At one point I wanted to buy a Robot... But then I have my current machine... And, for sure, if I buy the Robot, I won't use the Elizabeth as much (and/or vice-versa).

I did hear about the flair temp management before, and the consensus seems to be that the Robot is much, much better on that front.

It's a shame you had those issues with the Robot and I'm sorry to hear. It's not a great experience after sales, but otherwise it looks like a well built and well respected machine.

I suppose now that there's a Cafelat UK store, this type of issue. would be much easier to resolve by simply returning it.

PS: If someone asked me to go and buy a "tap", I'd come back with something totally different... 🙂 - At least you had some idea of what you were doing 🙂

Thanks for sharing! 👍


----------



## newdent

MediumRoastSteam said:


> Ha! I used to be a MediumRoastSteam kind of guy, but nowadays I'm more of a LightRoastSteam person. 🙂 - Funny isn't it how tastebuds change.
> 
> At one point I wanted to buy a Robot... But then I have my current machine... And, for sure, if I buy the Robot, I won't use the Elizabeth as much (and/or vice-versa).
> 
> I did hear about the flair temp management before, and the consensus seems to be that the Robot is much, much better on that front.
> 
> It's a shame you had those issues with the Robot and I'm sorry to hear. It's not a great experience after sales, but otherwise it looks like a well built and well respected machine.
> 
> I suppose now that there's a Cafelat UK store, this type of issue. would be much easier to resolve by simply returning it.
> 
> PS: If someone asked me to go and buy a "tap", I'd come back with something totally different... 🙂 - At least you had some idea of what you were doing 🙂
> 
> Thanks for sharing! 👍


 Ha, sounds like you need a username change! I find myself trying my best to pull the interesting flavours out of my medium/dark roast but it's just not what I'm after. I keep ordering light roasts when I'm at nice coffee shops and it's definitely more to my taste right now.

I think using a robot might be a challenge with lighter roasts. A thick gauge steel has been used for the basket, which isn't an issue with dark roasts but boiling water from the kettle into an unheated basket drops the water temp to 92 ish instantly and it rapidly drops from there. It can make everything feel a bit frantic as you rush to get everything ready to prepare the shot. If the flair 58 can control the temp well then not having to rush will make the experience better and open up long pre infusions as a possibility.

I would say that I thoroughly enjoy manually pulling the shot. Being able to respond instantly to changes to resistance in the puck has been interesting and resulted in lots of saved shots that probably would have been gushers on a pumped machine.

Things I would change on the robot were:

- The portafilter. It feels like a heavy measuring cup and it doesn't reassuringly lock into place. It can sit at a slight angle sometimes which means the piston can go in on an angle and just push water over the top of the basket.

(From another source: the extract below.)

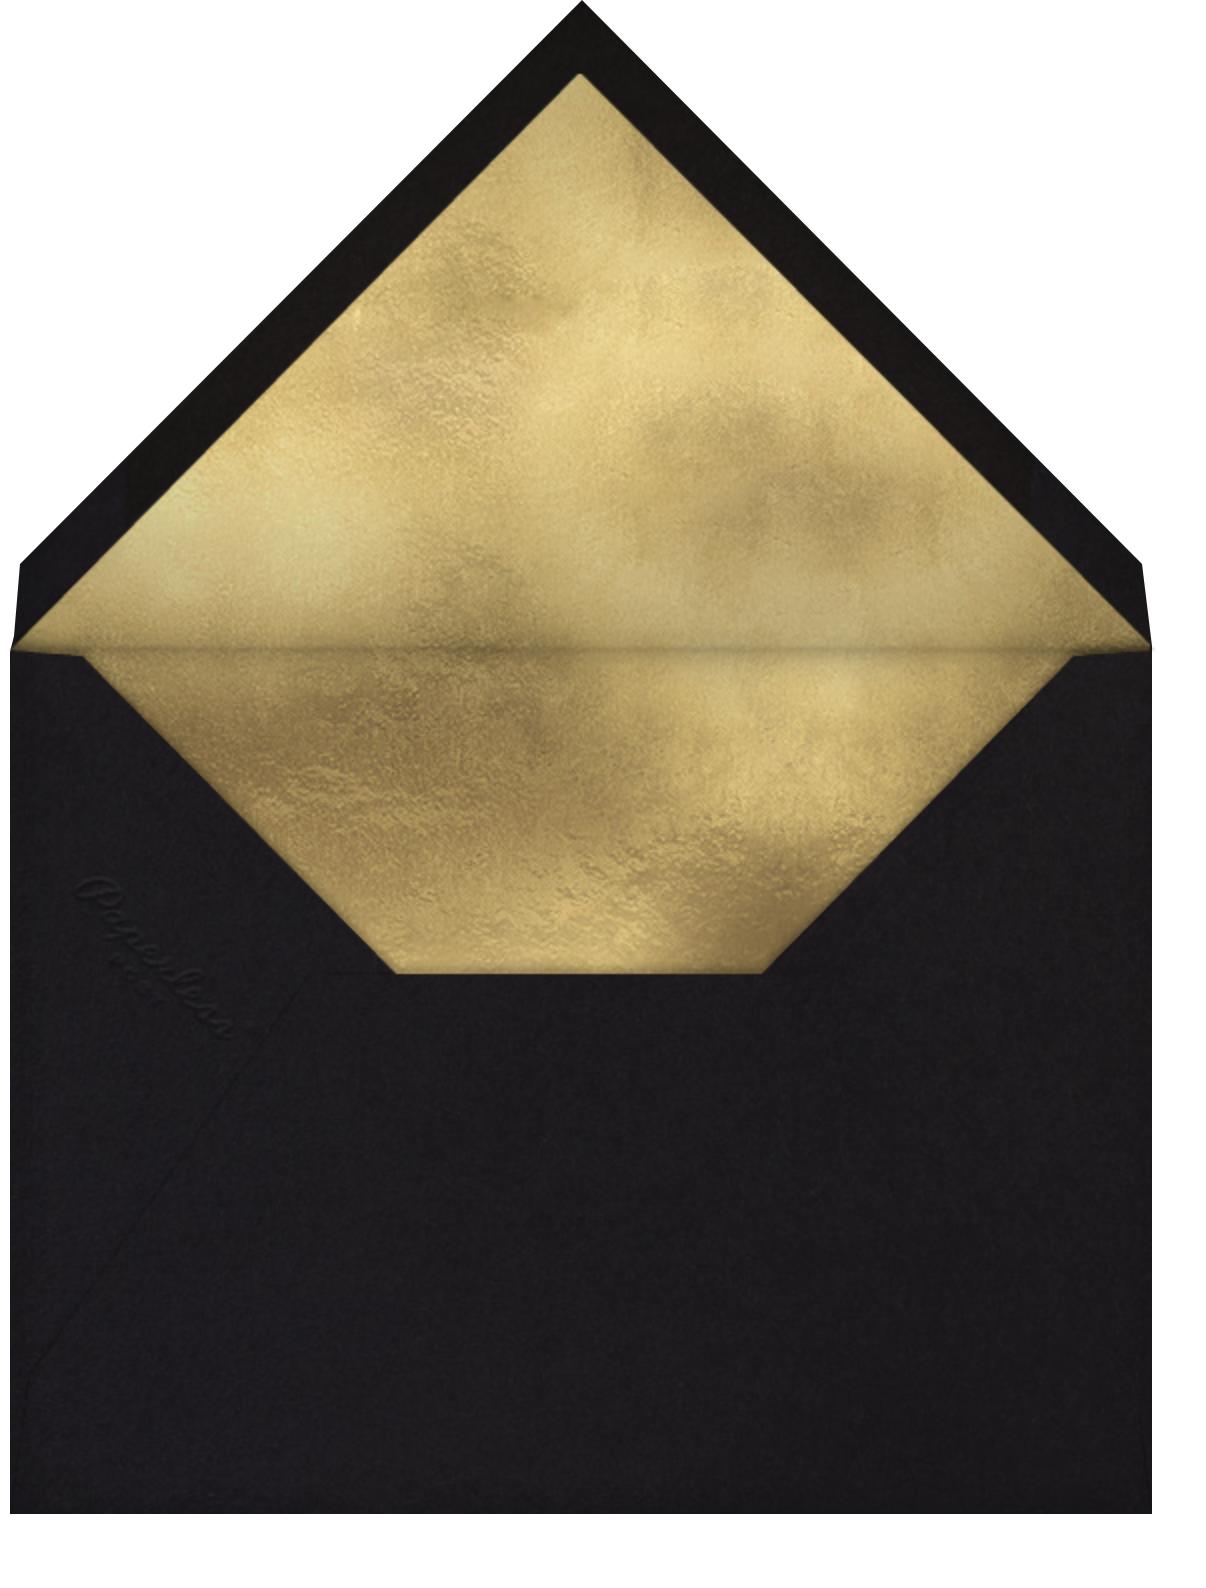 Brushed Gold - Oscar de la Renta - Reception - envelope back

It mostly happens when I've put too much water in but not always and I've ruined a few shots because of this.

- As anyone with the robot would admit, the handles are uncomfortable to press. Once you get used to it, you learn ways of reducing the strain but pushing onto thin metal bars is always going to be uncomfortable. Cafelat came up with robot hands that can be purchased and added but to me, this is admission of a design flaw and should come fitted as standard.

- The base supports are narrow and standard scales do not fit. There's also not much room between the bottom of the PF and base so only small cups can be used in conjunction with a scale.

- The tamper is sufficient but isn't a pleasure to use by any means. I find it frustrating that the basket is *just* too small to allow use of standard 58mm tampers. My tamper is 58.5mm though, so perhaps this is only my issue.

- The pressure gauge was a welcomed afterthought but many have issues with the pipe getting crushed between the handle and main body and keeping an eye on it whilst watching your extraction is tricky.

I do miss being able to use my 58mm accessories for puck prep and the flair 58 resolves this and allows use of the existing equipment I already own.

I appreciate that flair have looked at all the issues that currently exist with the older versions of the flair and addressed them, whereas I feel like cafelat haven't really innovated much from the baby faema, infact they've definitely gone backwards in some departments (handles, width of base, etc). I want to support a company that listens to its customers and flair certainly seem to be trying unless others know better?


----------



## newdent

I feel like I should add that with all the flaws listed, I still prefer to use the robot over my Rancilio Silvia, so take from that what you will!


----------



## Cafelat UK

newdent said:


> Of course, I was just kidding really, I'll say my piece. Various reasons.
> 
> First reason is personal, basically I reported a manufacturing defect to Paul at Cafelat and instead of him offering for me to return it and exchange or for them to repair, he expected me to buy a tap and re-tap a hole. Then when I re-tapped the hole and showed him a photo of swarf that had been cut because he'd refused to accept there was an issue (without even having it back, he claimed it was 'perfect', kind of egotistical, as if he's not capable of making a mistake), he said I'd used a cutting tap instead of a chasing tap (wtf, who does he think I am, a machine builder? He just said to use a tap, no mention of different types) That he would no longer give warranty on parts associated with that threaded hole, even though I followed his instructions. I know that the hole wasn't fully tapped, so can sell with a clear conscience and it's working perfectly and know there is no issue now. Wow, it still makes me furious to discuss weeks on. So yes, every time I use the robot it reminds me of this incident and makes me want to smash it to pieces with a sledge hammer! Ahem.
> 
> With that clear bias out in the open, I started to think about all the things I would change about the robot if I could (of which there are many) and the flair 58 would cover most of them, except the limited 'boiler' capacity of the 58, though I rarely drink anything over a 1:2 ratio unless the shot is running fast. I have concerns over the temperature management of the 58 but if it works well then it could really open up long pre-infusions for lighter roasts, which in fairness to Cafelat, was a known limitation of the robot before I bought it. I *thought* I was a medium/dark roast kinda guy but as the weeks pass I'm coming around to lighter roasts when I have them in coffee shops and I'd like to have the potential to brew them if I want to.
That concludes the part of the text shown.